:: Dataset section ::
....

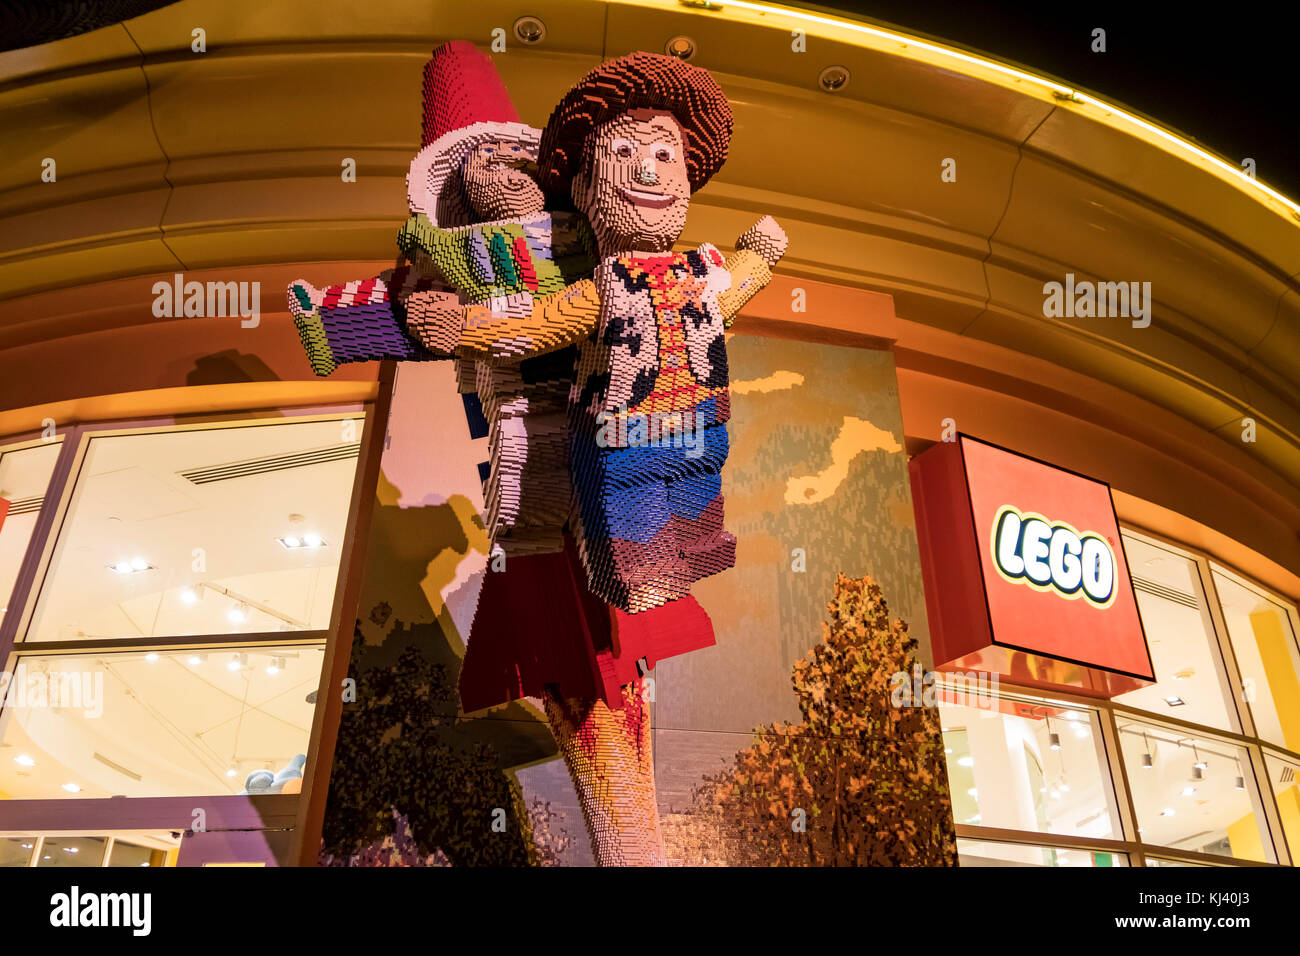 Anaheim, NOV 11: Woody toy story lego statue in the famous Downtown Disney District, Disneyland Resort on NOV 11, 2017 at Anaheim, Orange County, Cali Stock Photo
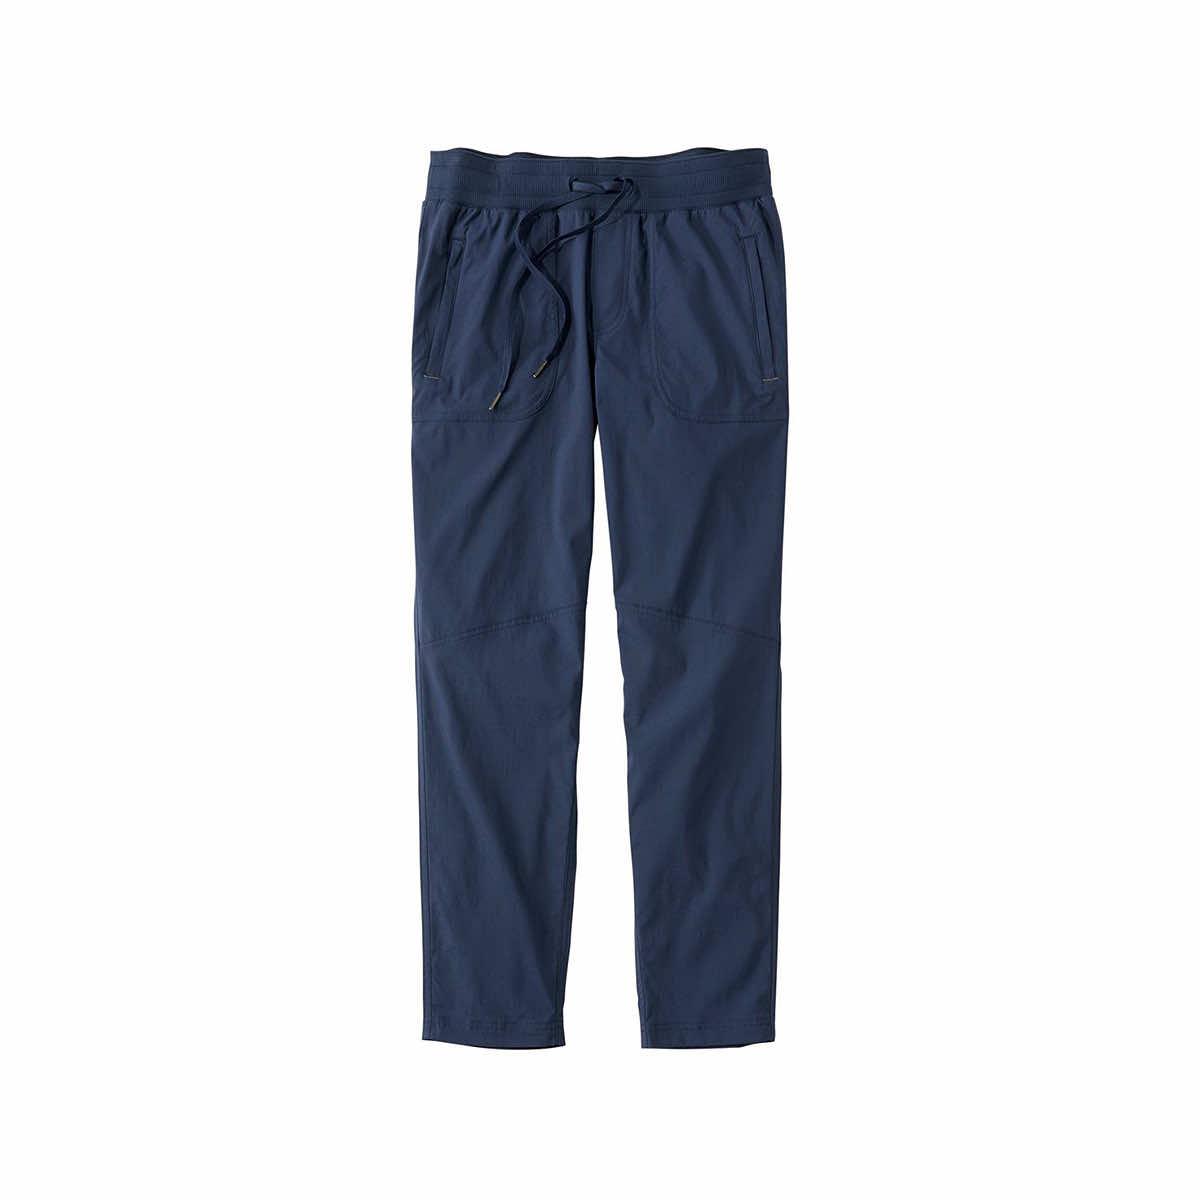 Harla Pants  Thread supply, Jogger pants, How to wear
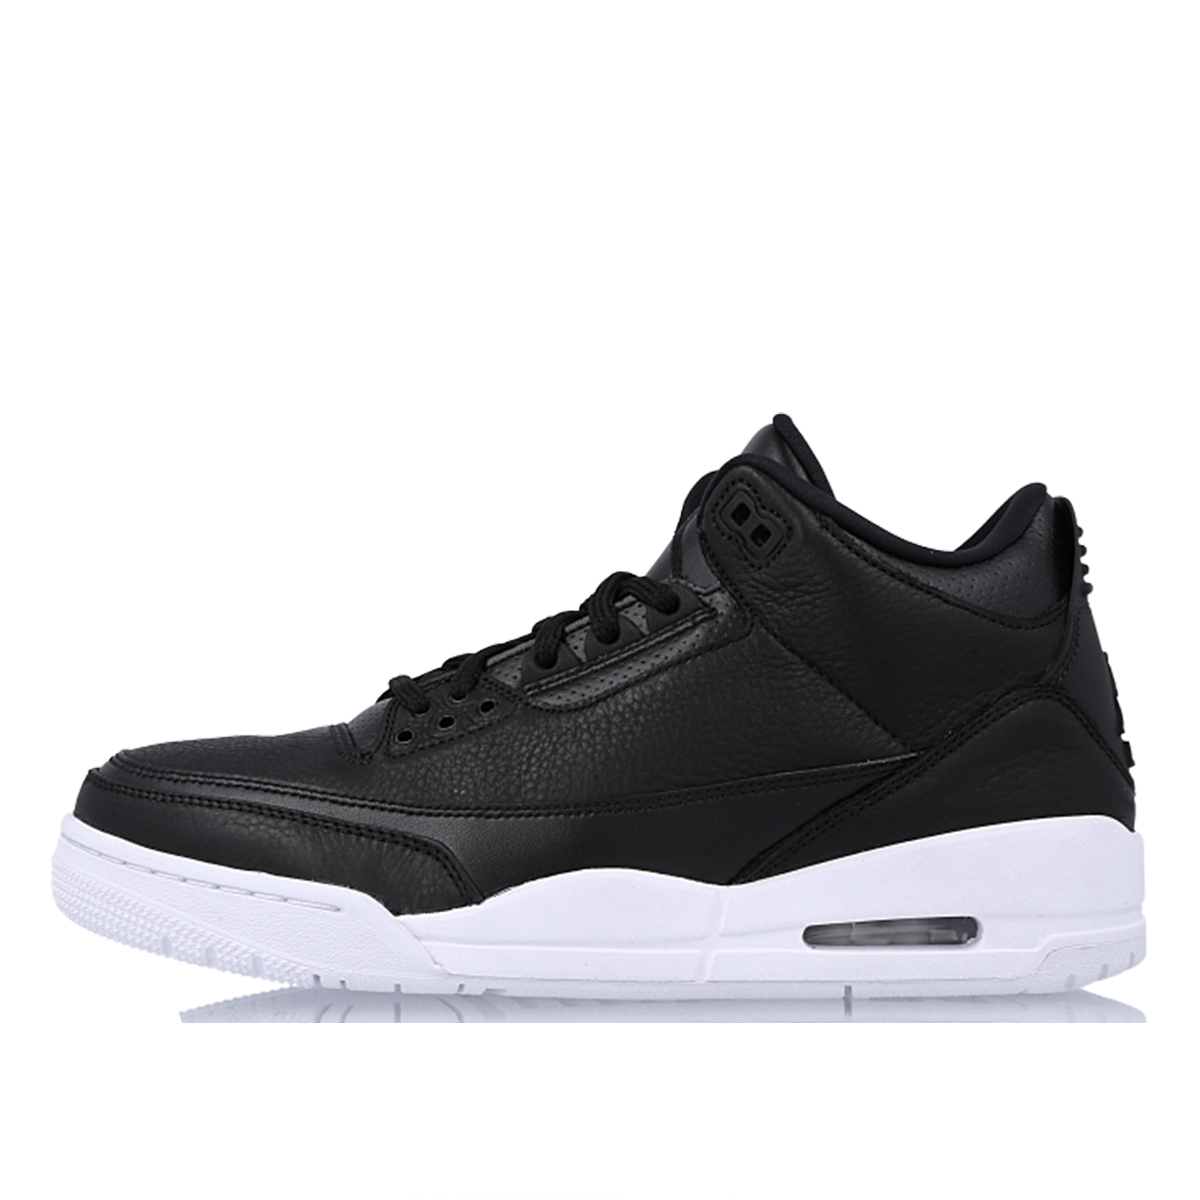 Air Jordan Nike AJ 3 III Retro Cyber Monday (2016) | 136064-020 - KLEKT

....

:: Work item ::
The task calls for duplicating the data exactly, with no images kept.

:: Output of the exercise ::
 Anaheim, NOV 11: Woody toy story lego statue in the famous Downtown Disney District, Disneyland Resort on NOV 11, 2017 at Anaheim, Orange County, Cali Stock Photo
 Harla Pants  Thread supply, Jogger pants, How to wear
 Air Jordan Nike AJ 3 III Retro Cyber Monday (2016) | 136064-020 - KLEKT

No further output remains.